It must not be thought however that when all these facts are set forth the problem of training for public service can be solved by simple and easy adaptation of courses of study in the institutions of higher learning. This vital question of how to secure and maintain a loyal and efficient personnel in the public service cannot be disposed of by so facile a bit of academic ledgerdemain. It is not merely an educational question—it is a broad problem in political science which calls for serious thinking about the very fundamentals of democracy and efficiency.

The City's Methods of Recruiting its Services Compared with
Those of Private Business Concerns

Although there is as yet no general agreement among those who have given thought to the matter, there are certain readjustments of our current notions and practices which are so obviously necessary as to require no extensive arguments by way of support. In the first place there must be a radical change in the restricted ideas which have thus far controlled our policies in regard to methods of recruiting the public service. The City of New York spends more than forty millions a year for educational purposes, but it has never given any considerable attention to applying any material portion of that large sum to the technical training of those who are to serve the municipality-excepting, of course, the teachers. It is well known, however, that wisely managed business concerns of the larger order do not supply their skilled and special services by running out into the general labor market and picking up people who happen at the time to be out of employment. On the contrary, they spend immense sums of money conducting highly specialized schools for their employees. They do more; they make a practice

1 Although this bulletin deals with the higher ranges of the municipal service, the matter of training for the lower ranges deserves serious consideration at the hands of those responsible for the elementary and high schools.

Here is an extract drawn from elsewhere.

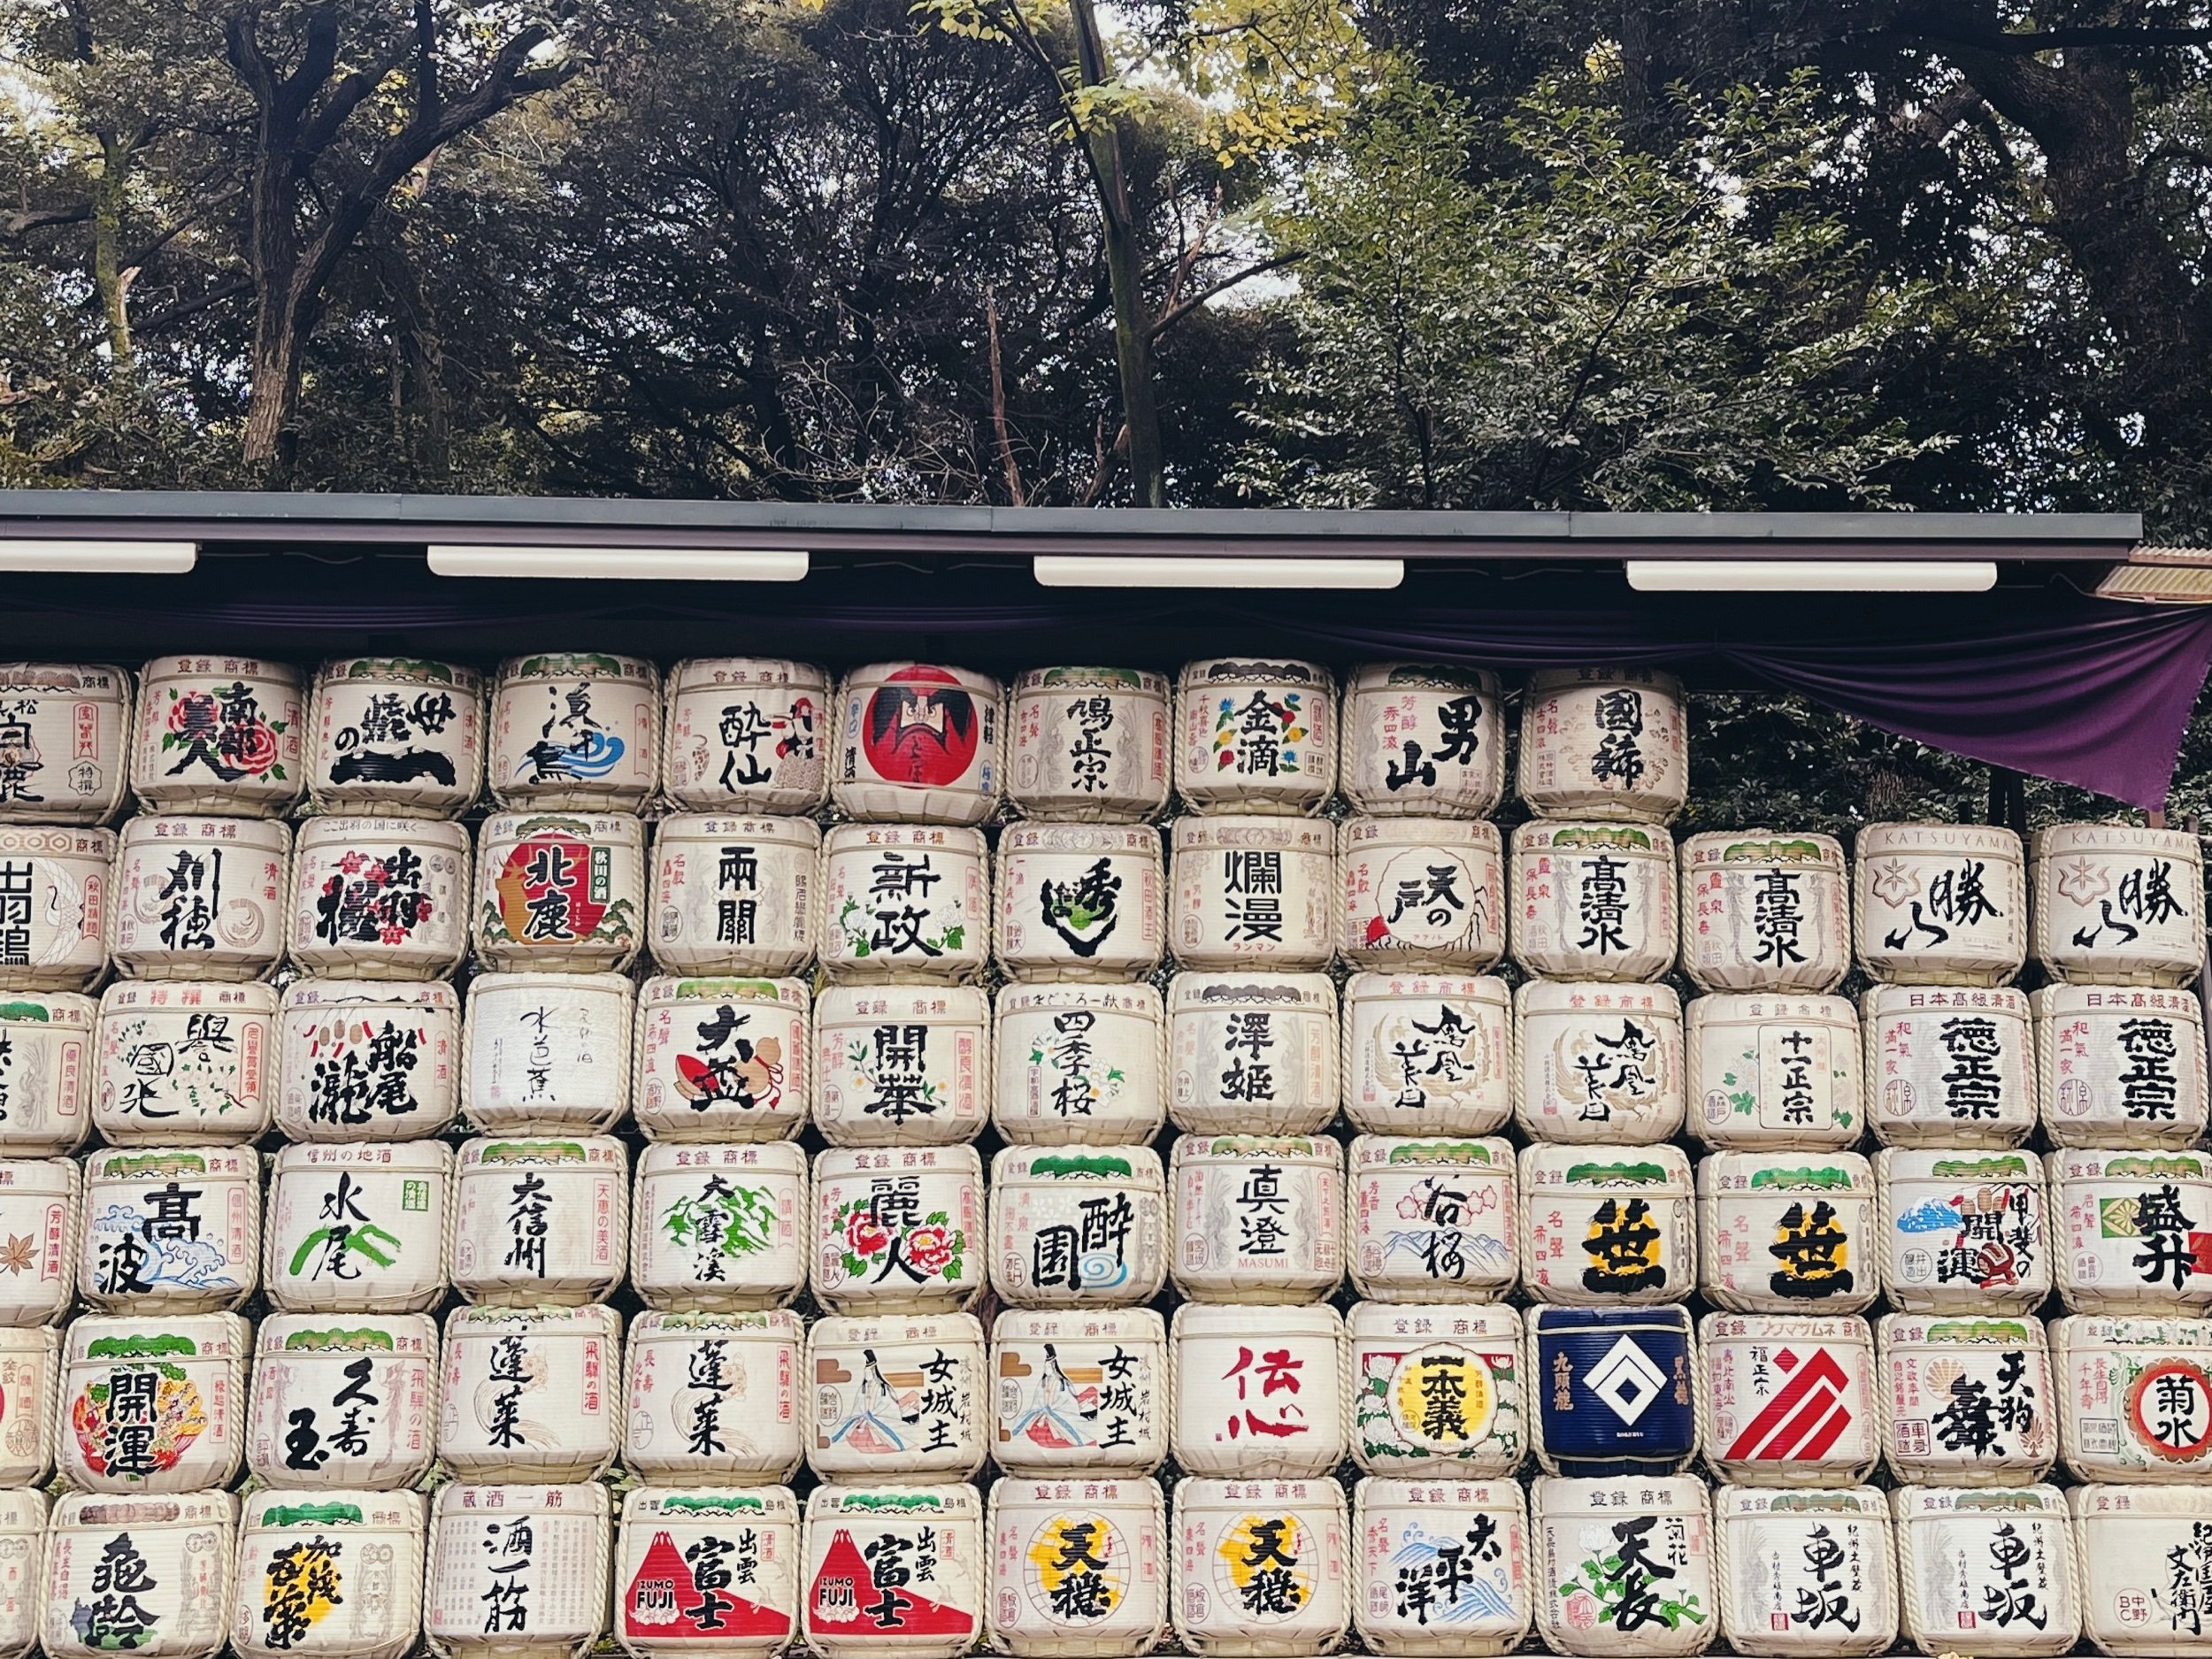 Wall of sake barrels in Yoyogi Park

of selecting young people in their plastic years and training them up to posts of responsibility so that as the older servants drop out the continuity of the service may remain unbroken. This is one of the most widely recognized necessities of modern corporate enterprise. The need for applying to the public service the methods which have been found indispensable to the conduct of great business enterprises is so apparent that surely no one will be bold enough to deny it. If the Standard Oil Company, the General Electric, the New York Central, and other great private concerns find it imperative that they should spend considerable sums of money in special training to secure efficient service, how much more imperative it is that the still greater corporation of New York City upon whose operations depend in so large a measure the health, comfort and safety of millions, should set about deliberately training up a body of loyal, skilled and tested servants? Why should New York City continue the hopelessly obsolete method of recruiting principally from the open market of persons almost wholly untrained in the special problems of public administration when every well organized private concern abandoned the practice long ago? There is no reason at all, except, that we have not as yet had occasion to take thought about it.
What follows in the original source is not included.